### [Data items]
—————

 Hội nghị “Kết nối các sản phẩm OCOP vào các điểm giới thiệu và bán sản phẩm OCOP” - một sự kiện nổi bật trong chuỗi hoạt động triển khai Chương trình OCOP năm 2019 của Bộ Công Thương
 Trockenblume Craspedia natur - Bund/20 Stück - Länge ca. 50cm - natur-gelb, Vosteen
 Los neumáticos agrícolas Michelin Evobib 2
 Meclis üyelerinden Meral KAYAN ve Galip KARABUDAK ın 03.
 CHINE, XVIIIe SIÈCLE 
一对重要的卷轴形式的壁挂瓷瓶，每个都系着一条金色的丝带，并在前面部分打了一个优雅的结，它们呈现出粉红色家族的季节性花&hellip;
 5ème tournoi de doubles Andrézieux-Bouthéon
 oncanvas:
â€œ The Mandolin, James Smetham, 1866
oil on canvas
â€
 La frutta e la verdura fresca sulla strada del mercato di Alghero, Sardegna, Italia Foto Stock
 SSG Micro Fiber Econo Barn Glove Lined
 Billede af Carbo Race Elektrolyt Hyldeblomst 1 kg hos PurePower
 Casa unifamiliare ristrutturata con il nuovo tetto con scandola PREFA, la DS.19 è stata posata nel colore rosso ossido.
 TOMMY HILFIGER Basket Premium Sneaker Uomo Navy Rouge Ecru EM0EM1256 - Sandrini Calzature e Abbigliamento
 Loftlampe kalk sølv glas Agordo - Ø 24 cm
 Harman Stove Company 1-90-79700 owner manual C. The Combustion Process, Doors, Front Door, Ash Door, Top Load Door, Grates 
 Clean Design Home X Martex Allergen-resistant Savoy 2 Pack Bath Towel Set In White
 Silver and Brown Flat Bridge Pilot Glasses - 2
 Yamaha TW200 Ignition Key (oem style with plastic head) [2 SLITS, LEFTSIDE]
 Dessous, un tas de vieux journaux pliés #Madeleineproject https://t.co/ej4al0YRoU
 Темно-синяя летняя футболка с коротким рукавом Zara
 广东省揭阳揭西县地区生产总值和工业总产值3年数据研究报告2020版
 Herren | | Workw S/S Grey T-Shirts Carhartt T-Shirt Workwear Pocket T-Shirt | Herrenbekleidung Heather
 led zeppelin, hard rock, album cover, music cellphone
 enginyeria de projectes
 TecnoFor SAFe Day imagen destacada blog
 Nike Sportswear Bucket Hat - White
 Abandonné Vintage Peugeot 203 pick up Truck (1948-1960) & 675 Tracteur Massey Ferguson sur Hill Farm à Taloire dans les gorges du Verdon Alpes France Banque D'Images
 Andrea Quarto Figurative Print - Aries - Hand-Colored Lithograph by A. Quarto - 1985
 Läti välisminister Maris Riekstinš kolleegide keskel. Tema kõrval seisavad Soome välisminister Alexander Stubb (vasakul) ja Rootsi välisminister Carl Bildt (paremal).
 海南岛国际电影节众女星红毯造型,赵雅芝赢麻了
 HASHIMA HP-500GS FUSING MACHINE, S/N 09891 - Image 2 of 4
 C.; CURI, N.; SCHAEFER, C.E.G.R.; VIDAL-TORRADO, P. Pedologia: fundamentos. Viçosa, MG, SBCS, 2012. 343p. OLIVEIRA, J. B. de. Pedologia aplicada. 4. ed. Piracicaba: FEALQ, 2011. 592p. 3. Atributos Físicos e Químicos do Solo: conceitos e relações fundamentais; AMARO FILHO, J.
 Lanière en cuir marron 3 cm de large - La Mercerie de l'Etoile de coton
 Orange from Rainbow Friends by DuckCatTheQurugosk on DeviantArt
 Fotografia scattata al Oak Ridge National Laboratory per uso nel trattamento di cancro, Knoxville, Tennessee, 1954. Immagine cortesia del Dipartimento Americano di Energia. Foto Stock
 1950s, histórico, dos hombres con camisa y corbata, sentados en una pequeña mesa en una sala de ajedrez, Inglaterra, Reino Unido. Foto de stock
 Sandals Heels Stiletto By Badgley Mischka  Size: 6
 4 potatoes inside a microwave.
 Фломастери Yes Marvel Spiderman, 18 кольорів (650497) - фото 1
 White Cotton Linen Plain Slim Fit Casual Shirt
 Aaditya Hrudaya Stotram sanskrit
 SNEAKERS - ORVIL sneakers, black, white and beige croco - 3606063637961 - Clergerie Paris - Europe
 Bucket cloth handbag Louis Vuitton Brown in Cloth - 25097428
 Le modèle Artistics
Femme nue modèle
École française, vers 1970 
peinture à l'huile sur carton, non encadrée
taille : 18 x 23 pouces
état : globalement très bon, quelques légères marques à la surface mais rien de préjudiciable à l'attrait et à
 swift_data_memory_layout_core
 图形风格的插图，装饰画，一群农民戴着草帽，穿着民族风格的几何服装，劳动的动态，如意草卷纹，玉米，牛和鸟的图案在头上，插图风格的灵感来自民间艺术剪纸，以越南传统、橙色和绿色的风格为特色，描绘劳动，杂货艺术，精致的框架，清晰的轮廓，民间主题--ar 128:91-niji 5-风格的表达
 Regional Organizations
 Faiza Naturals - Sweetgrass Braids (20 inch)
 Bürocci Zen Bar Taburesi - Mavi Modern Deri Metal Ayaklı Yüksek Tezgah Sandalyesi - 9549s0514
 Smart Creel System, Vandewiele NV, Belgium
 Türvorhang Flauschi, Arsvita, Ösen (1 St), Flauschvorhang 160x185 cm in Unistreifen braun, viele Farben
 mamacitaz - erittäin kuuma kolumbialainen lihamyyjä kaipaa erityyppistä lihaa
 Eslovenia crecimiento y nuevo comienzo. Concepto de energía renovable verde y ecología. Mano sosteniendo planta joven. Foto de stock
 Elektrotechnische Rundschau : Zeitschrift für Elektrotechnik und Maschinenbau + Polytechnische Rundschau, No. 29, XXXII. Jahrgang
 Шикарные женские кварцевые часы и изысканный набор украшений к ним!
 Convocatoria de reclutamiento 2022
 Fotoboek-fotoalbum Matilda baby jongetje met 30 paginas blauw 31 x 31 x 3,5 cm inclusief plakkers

—————

### [Problem to solve]
Starting from the data above, filter for lines with "Brown" and copy each one.

### [Problem solution]
 Silver and Brown Flat Bridge Pilot Glasses - 2
 Bucket cloth handbag Louis Vuitton Brown in Cloth - 25097428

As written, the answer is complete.